##### Data excerpts

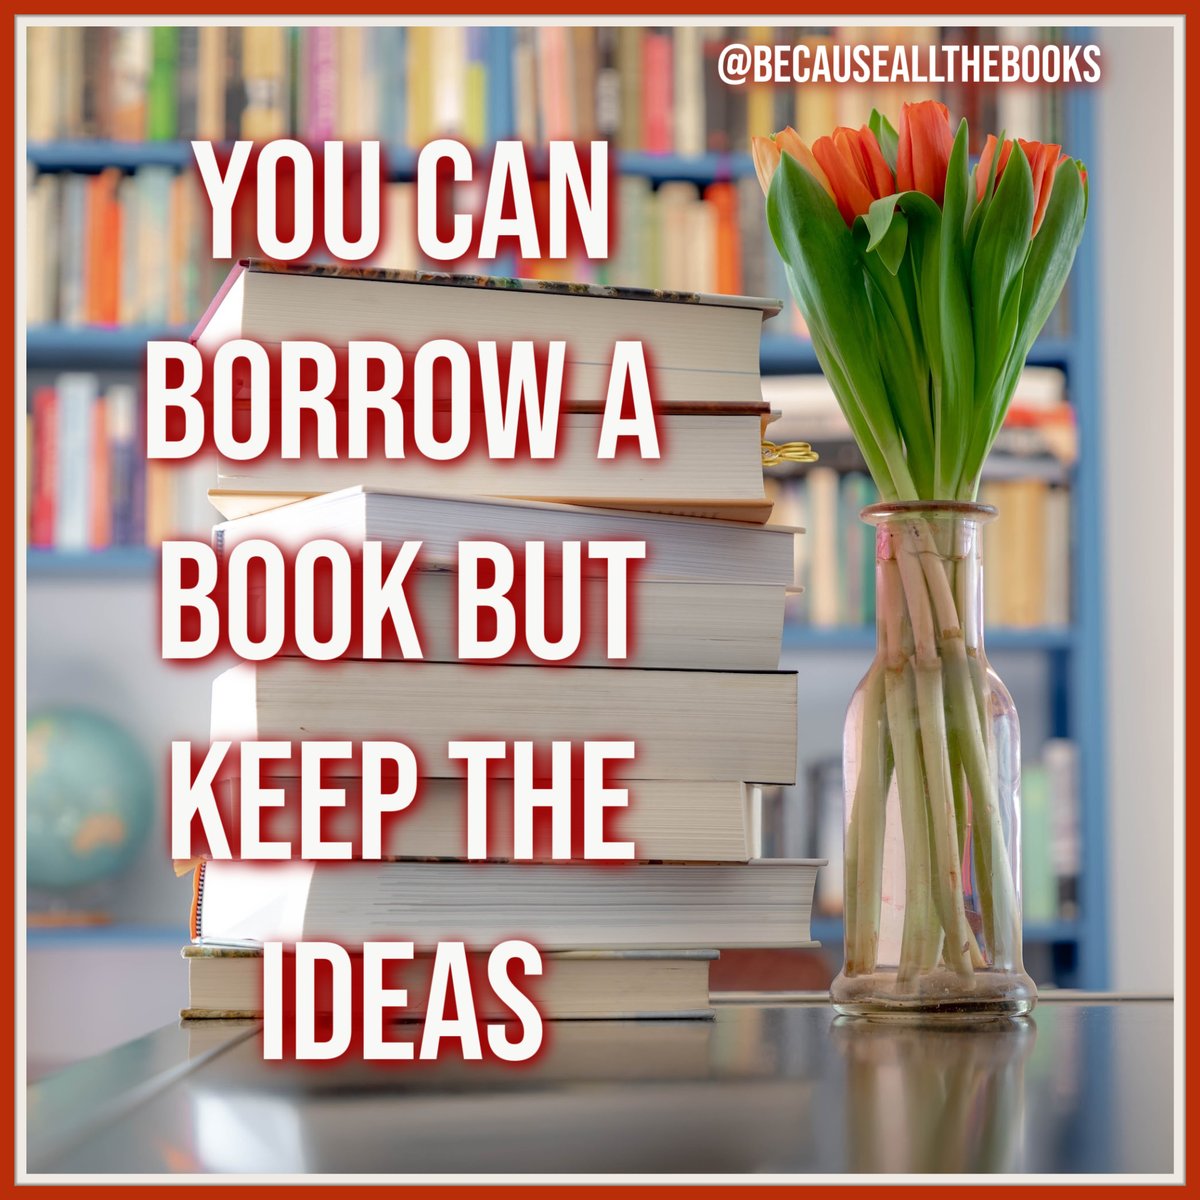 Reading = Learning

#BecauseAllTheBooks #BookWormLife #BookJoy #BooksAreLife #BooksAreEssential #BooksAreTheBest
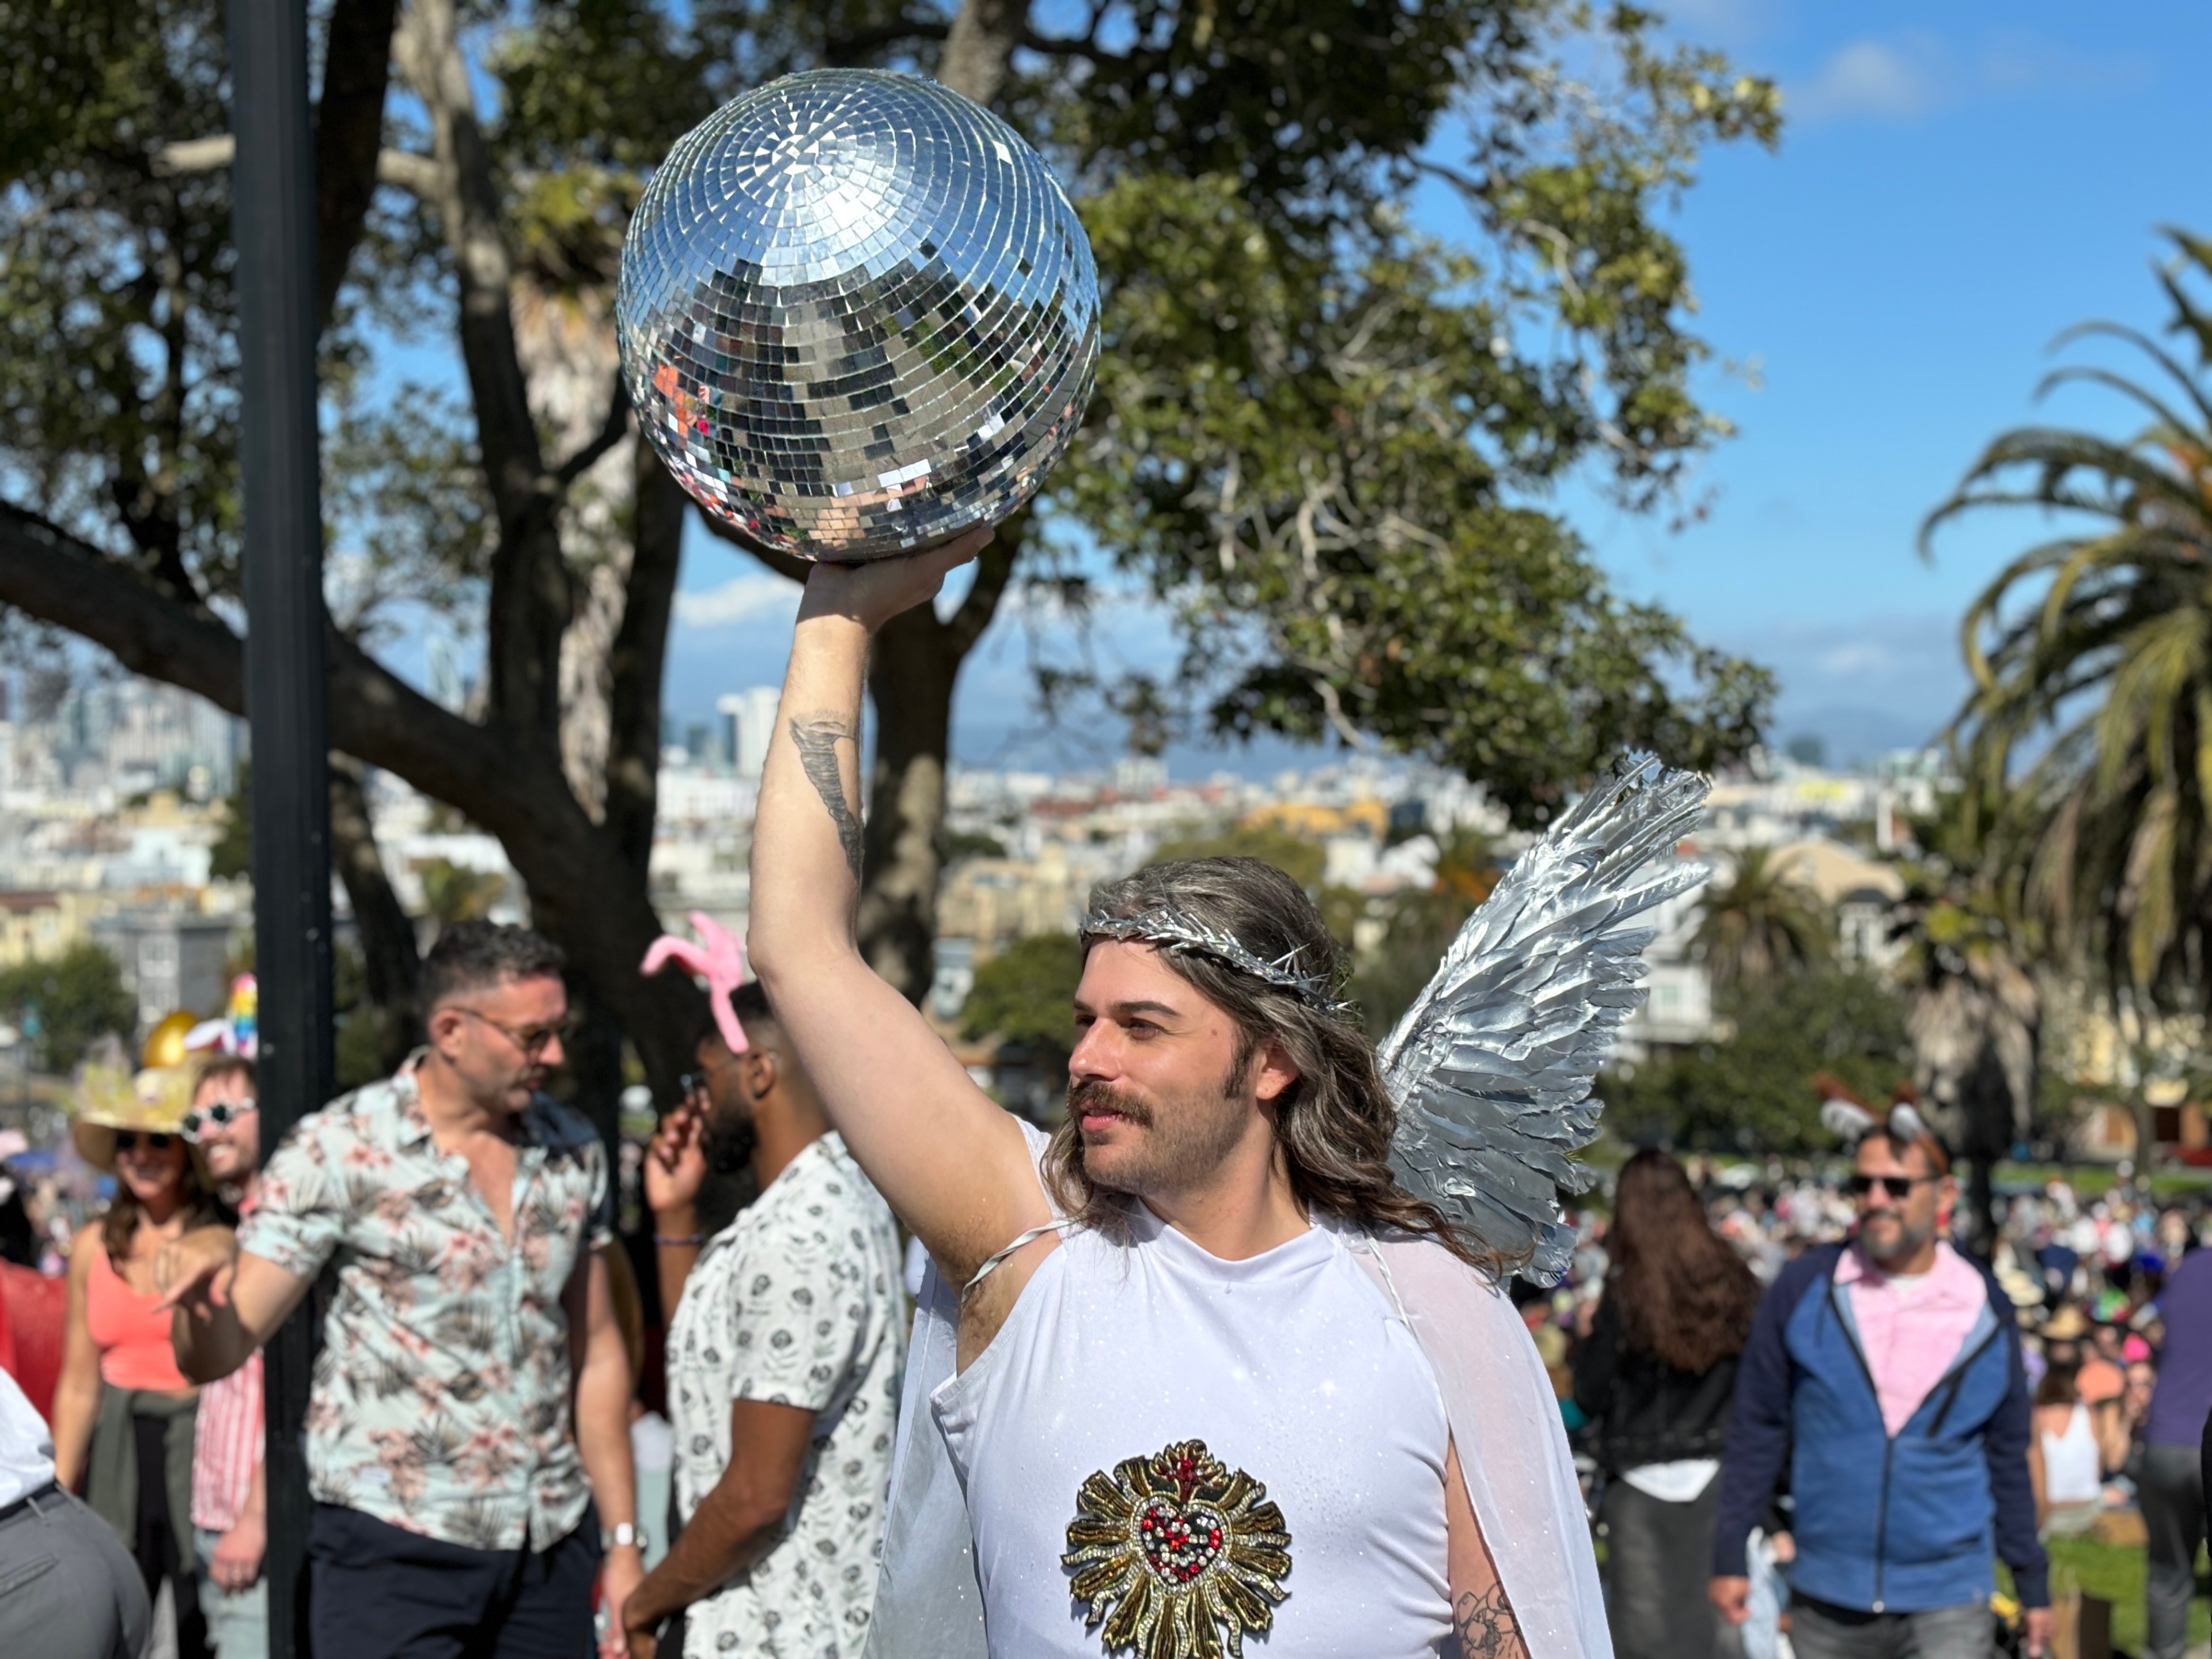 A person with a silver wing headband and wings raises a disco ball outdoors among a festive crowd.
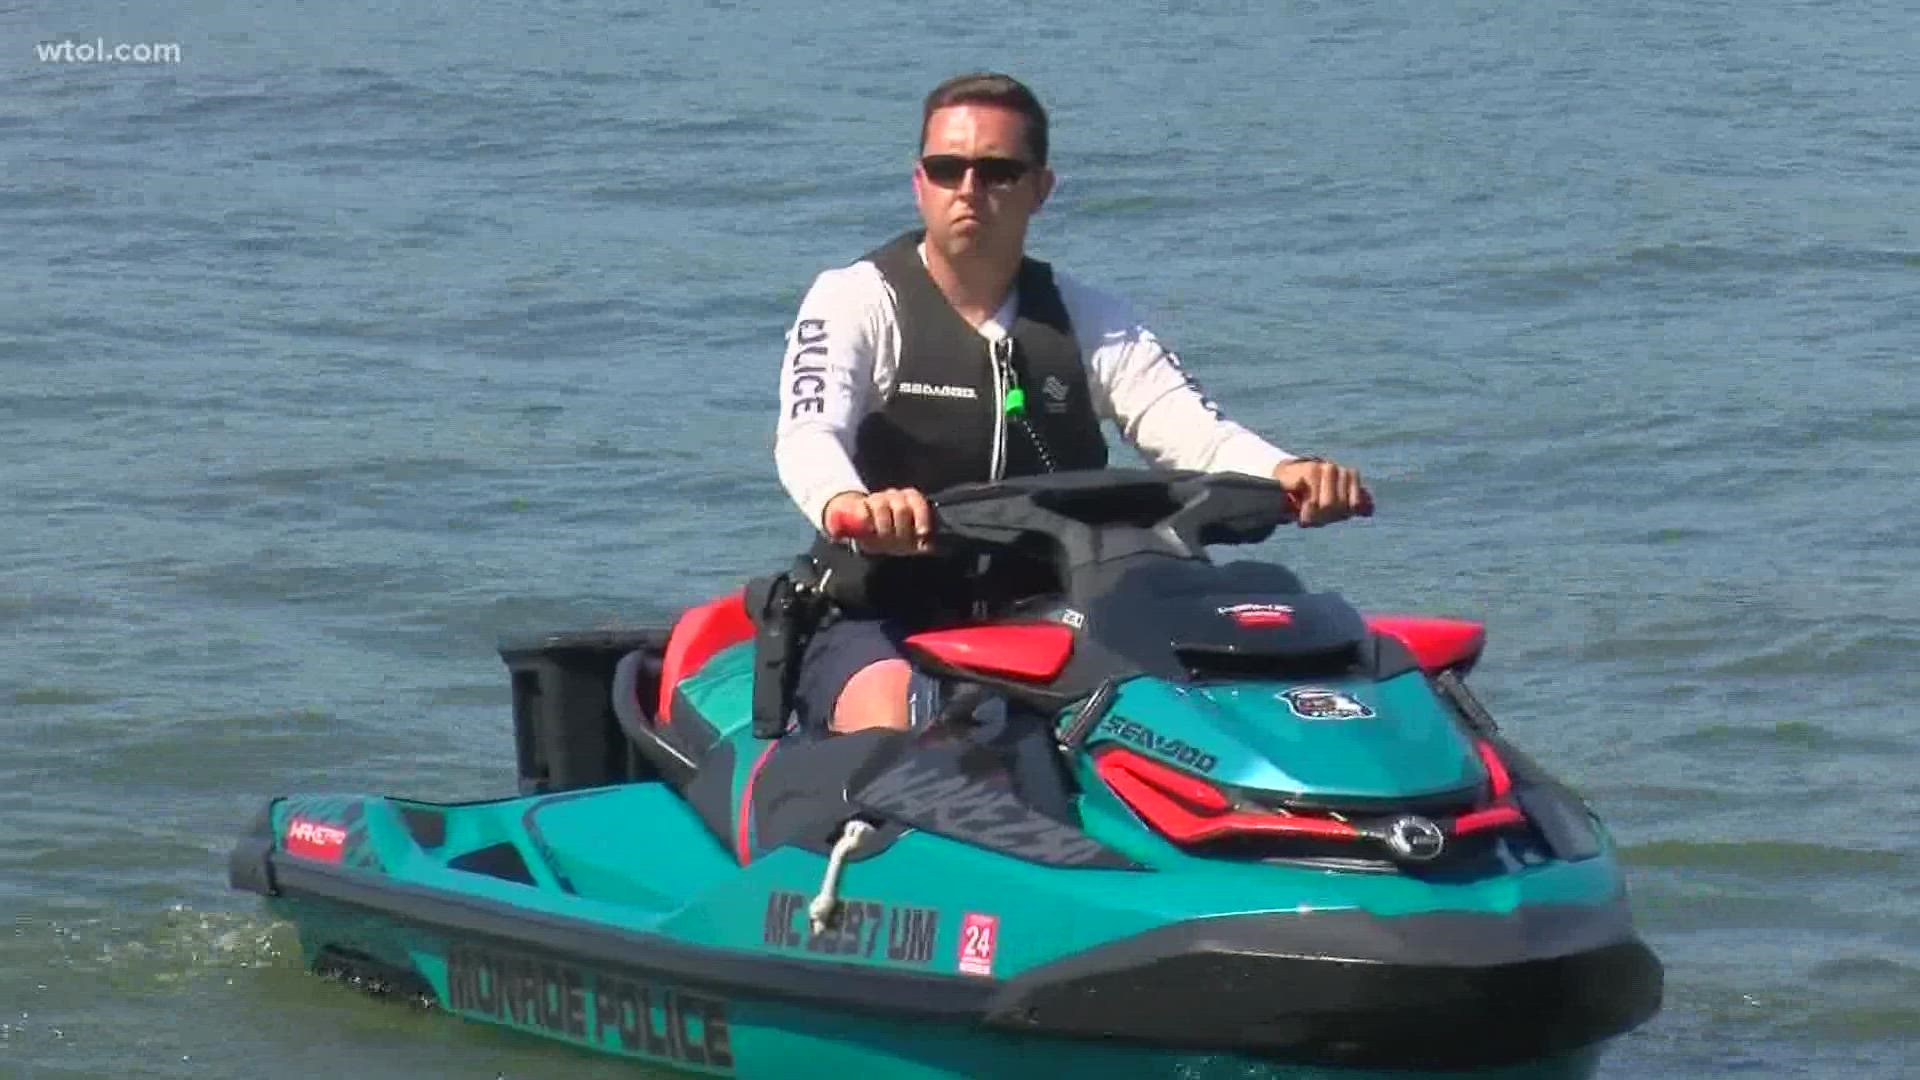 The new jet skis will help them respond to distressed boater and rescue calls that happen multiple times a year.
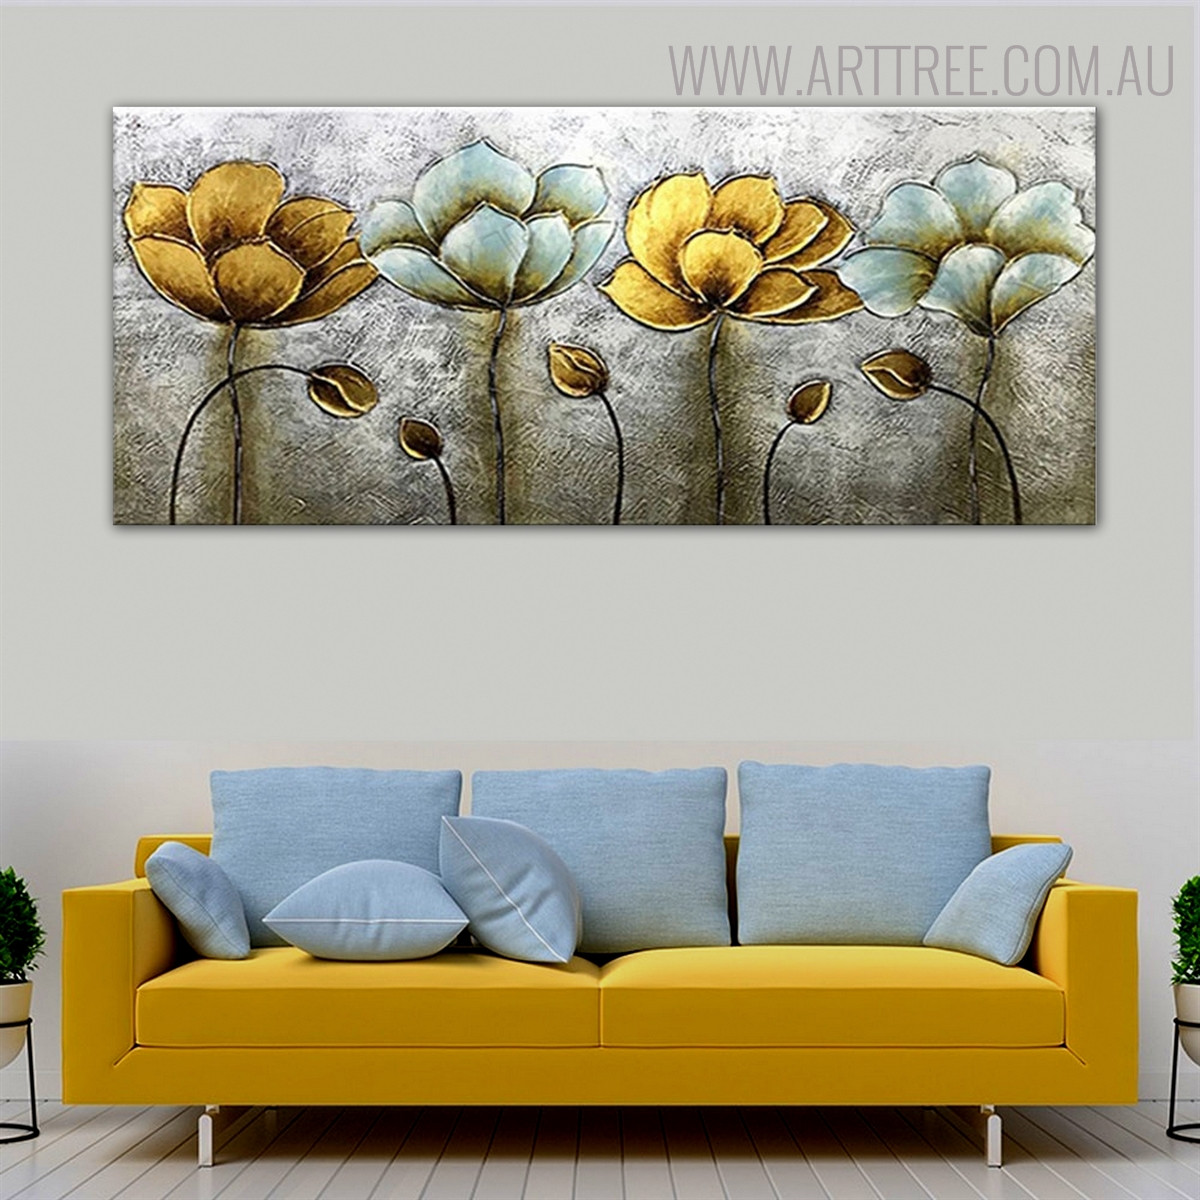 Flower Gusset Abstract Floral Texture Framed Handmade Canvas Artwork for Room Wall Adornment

##########

* [Your objective] The answer must be the lines above from the line that contains "The new jet" to the final line of the data, word for word, with no pictures.

* [Expected output]
 The new jet skis will help them respond to distressed boater and rescue calls that happen multiple times a year.
 Flower Gusset Abstract Floral Texture Framed Handmade Canvas Artwork for Room Wall Adornment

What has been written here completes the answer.